[Given entries Boundary: Start]

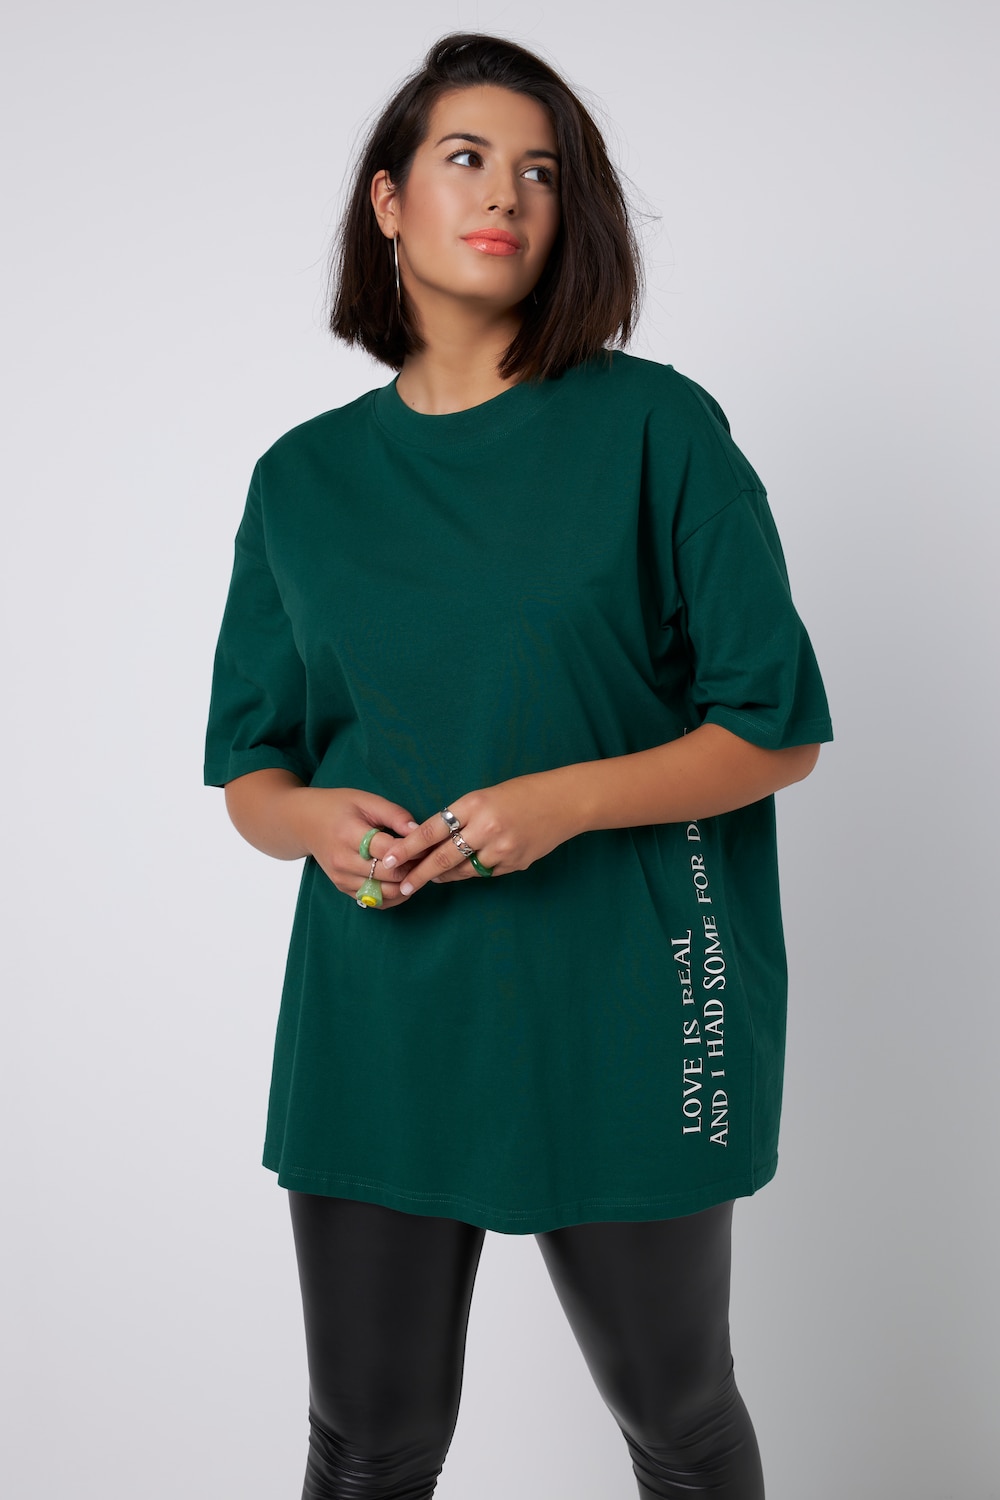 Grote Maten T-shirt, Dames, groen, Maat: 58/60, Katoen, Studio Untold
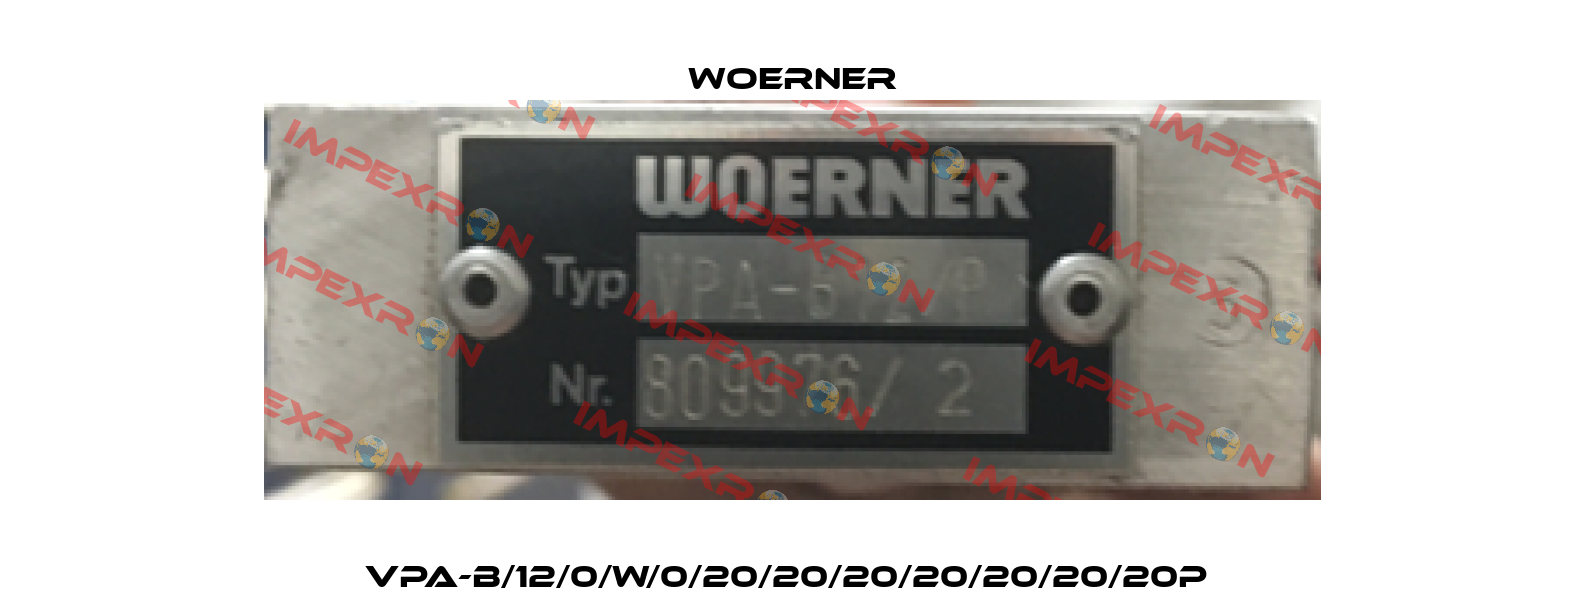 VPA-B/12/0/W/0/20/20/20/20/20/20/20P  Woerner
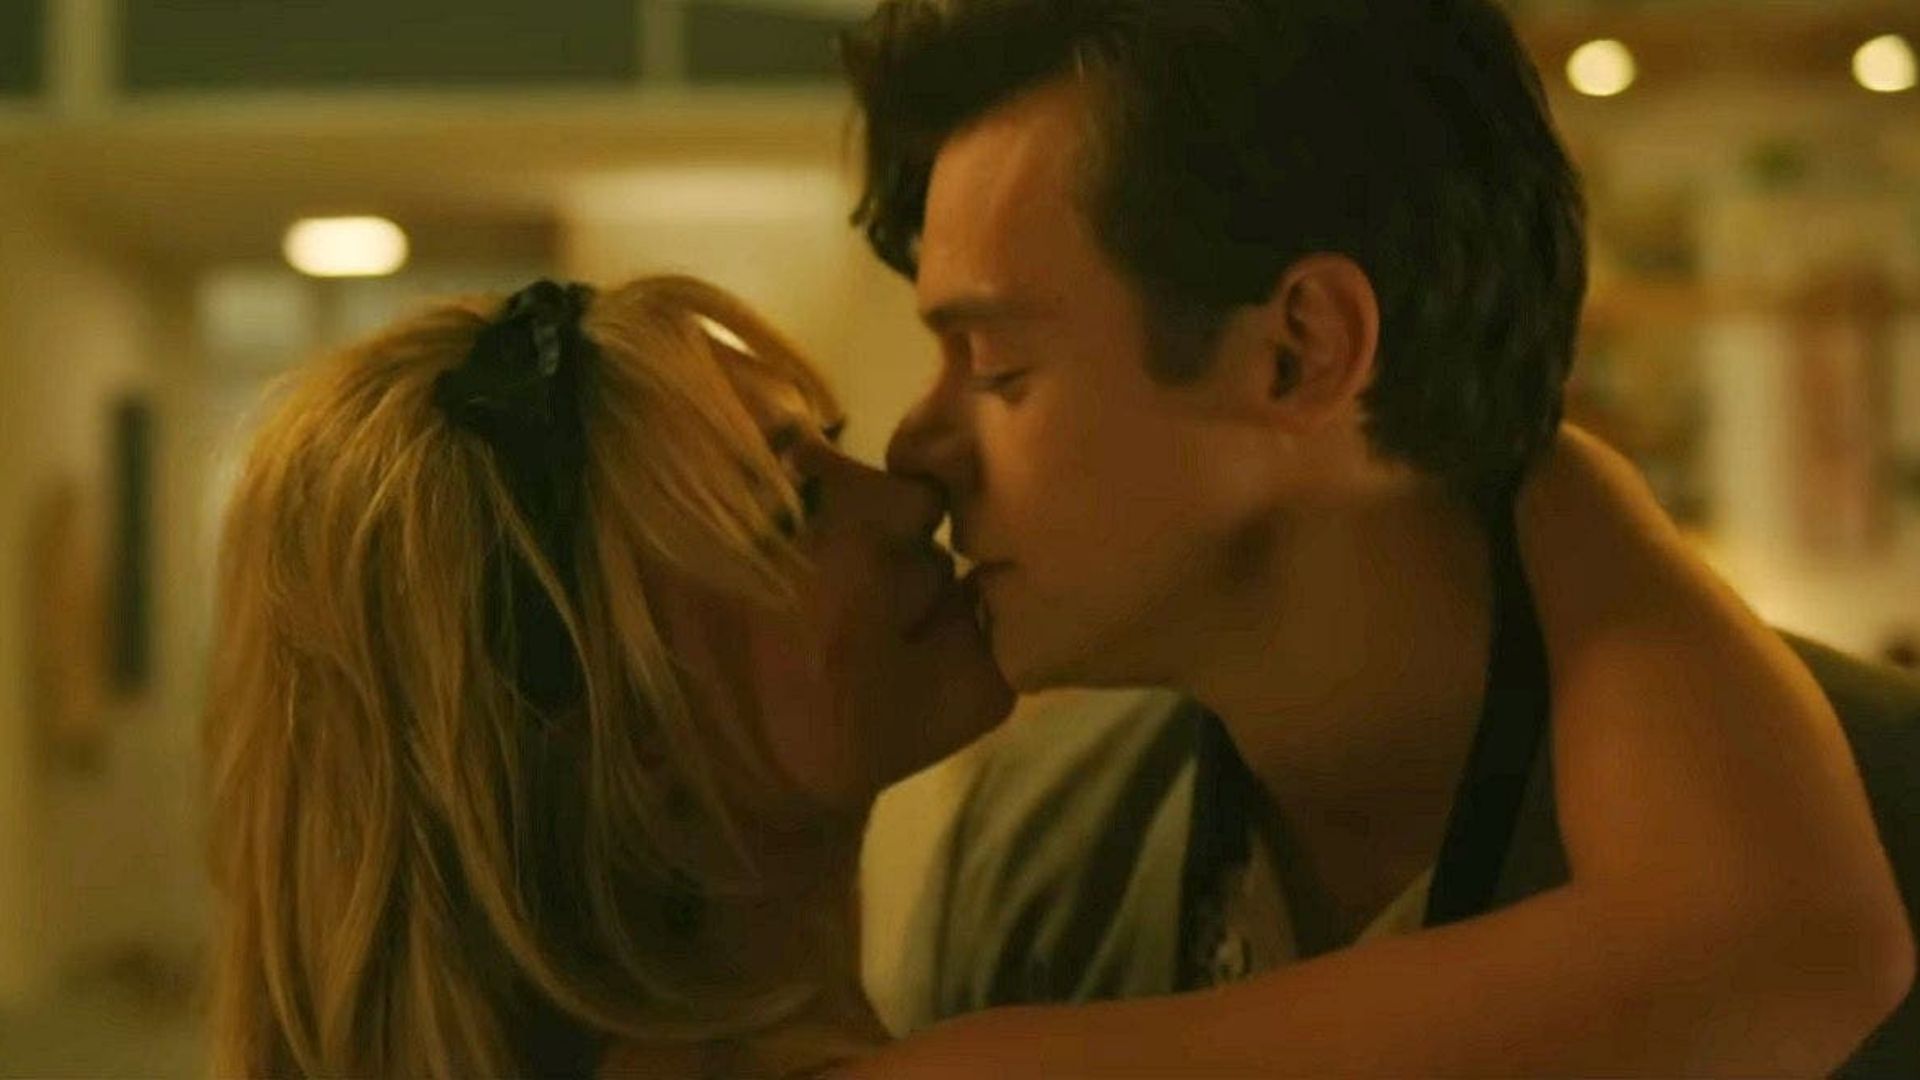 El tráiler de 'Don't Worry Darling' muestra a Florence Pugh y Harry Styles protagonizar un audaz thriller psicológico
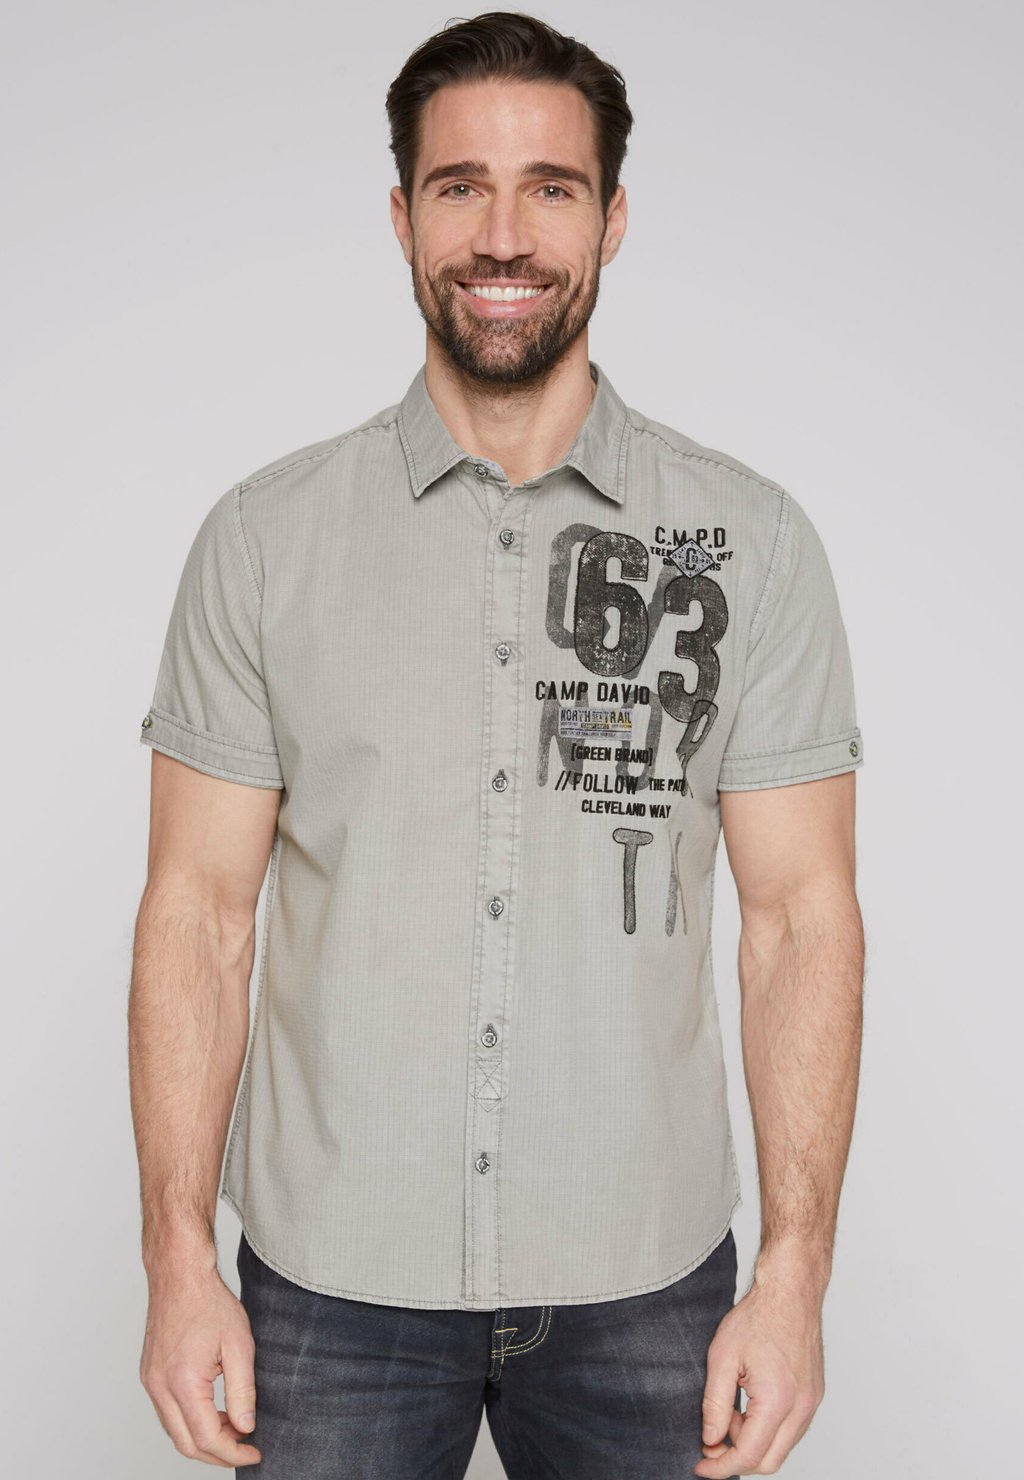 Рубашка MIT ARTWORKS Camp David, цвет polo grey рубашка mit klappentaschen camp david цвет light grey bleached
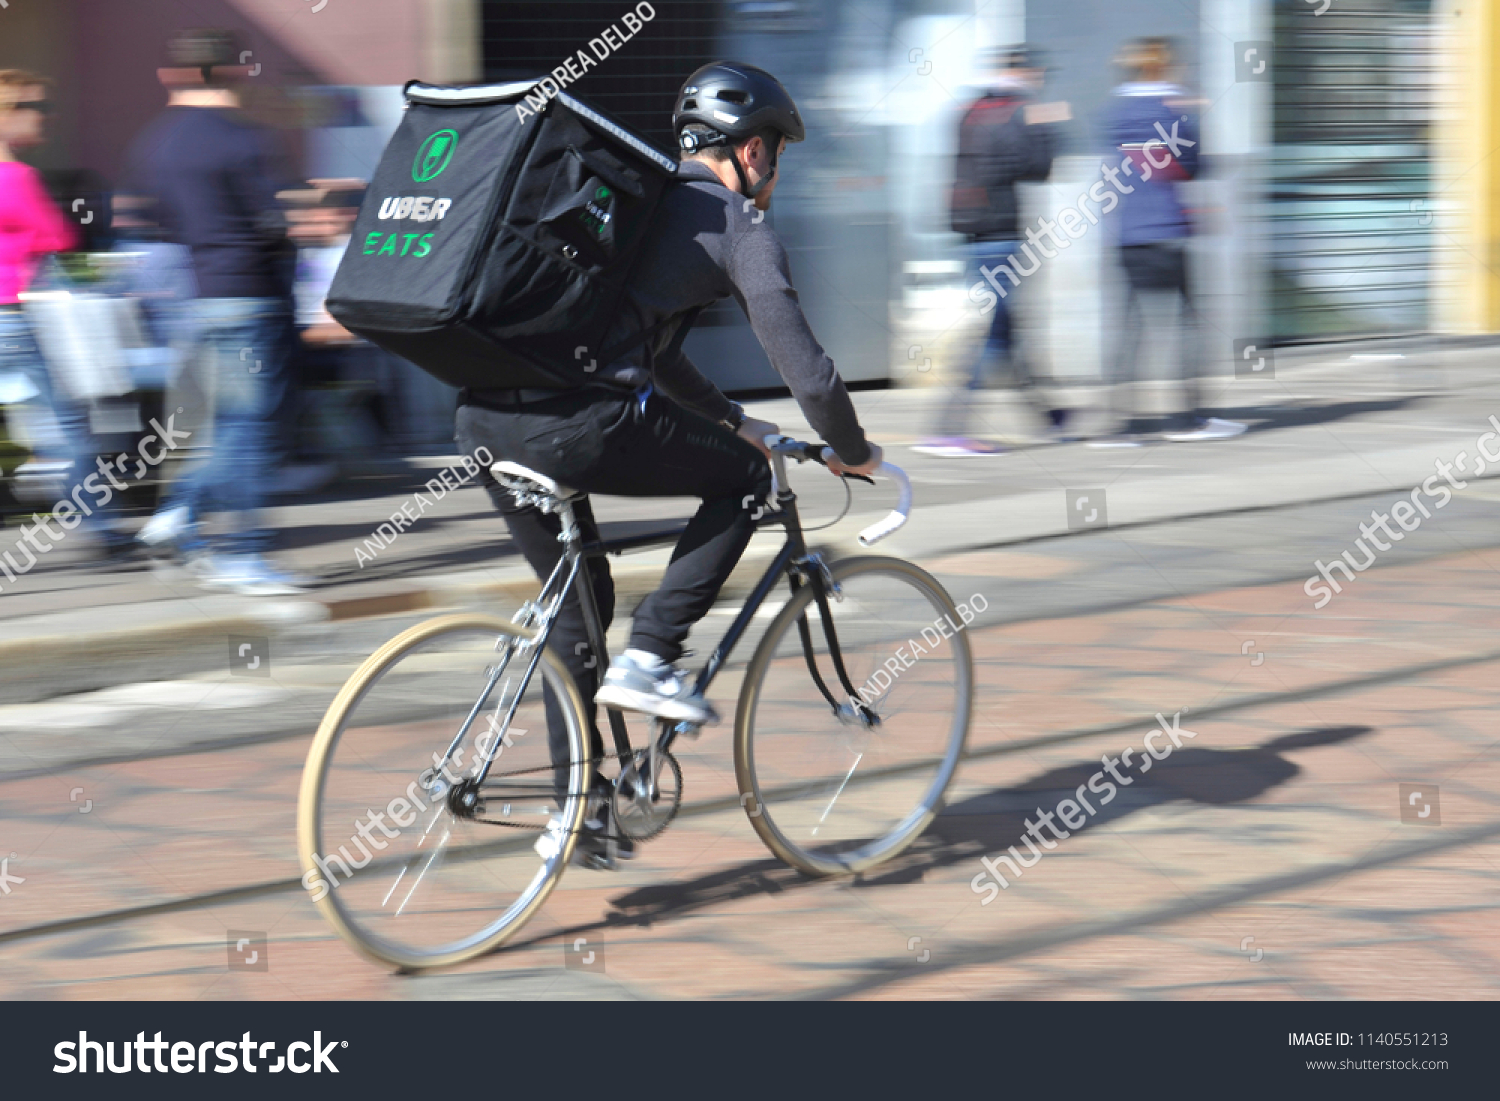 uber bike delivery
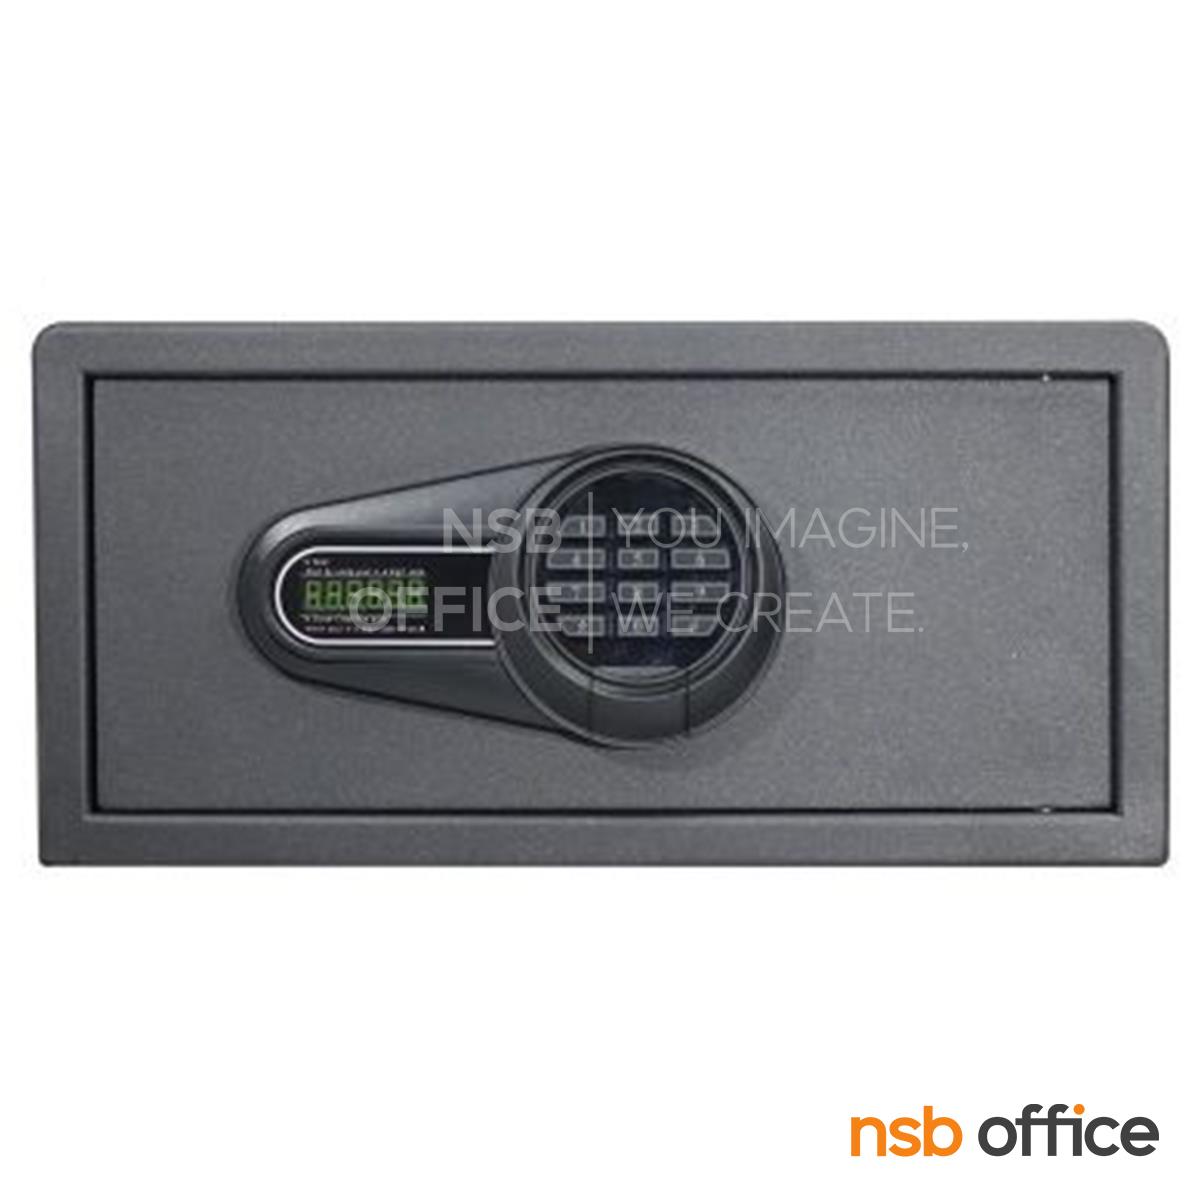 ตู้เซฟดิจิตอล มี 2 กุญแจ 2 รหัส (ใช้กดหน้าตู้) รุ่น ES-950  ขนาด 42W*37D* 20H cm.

[Given entries Boundary: End]

§ **Problem details**: All lines from the one bearing "Рубашка MIT ARTWORKS" through the last line of the records, and only those, should be duplicated exactly; no picture belongs in the copy.

§ **Reply to the task**:
 Рубашка MIT ARTWORKS Camp David, цвет polo grey рубашка mit klappentaschen camp david цвет light grey bleached
 uber bike delivery
 ตู้เซฟดิจิตอล มี 2 กุญแจ 2 รหัส (ใช้กดหน้าตู้) รุ่น ES-950  ขนาด 42W*37D* 20H cm.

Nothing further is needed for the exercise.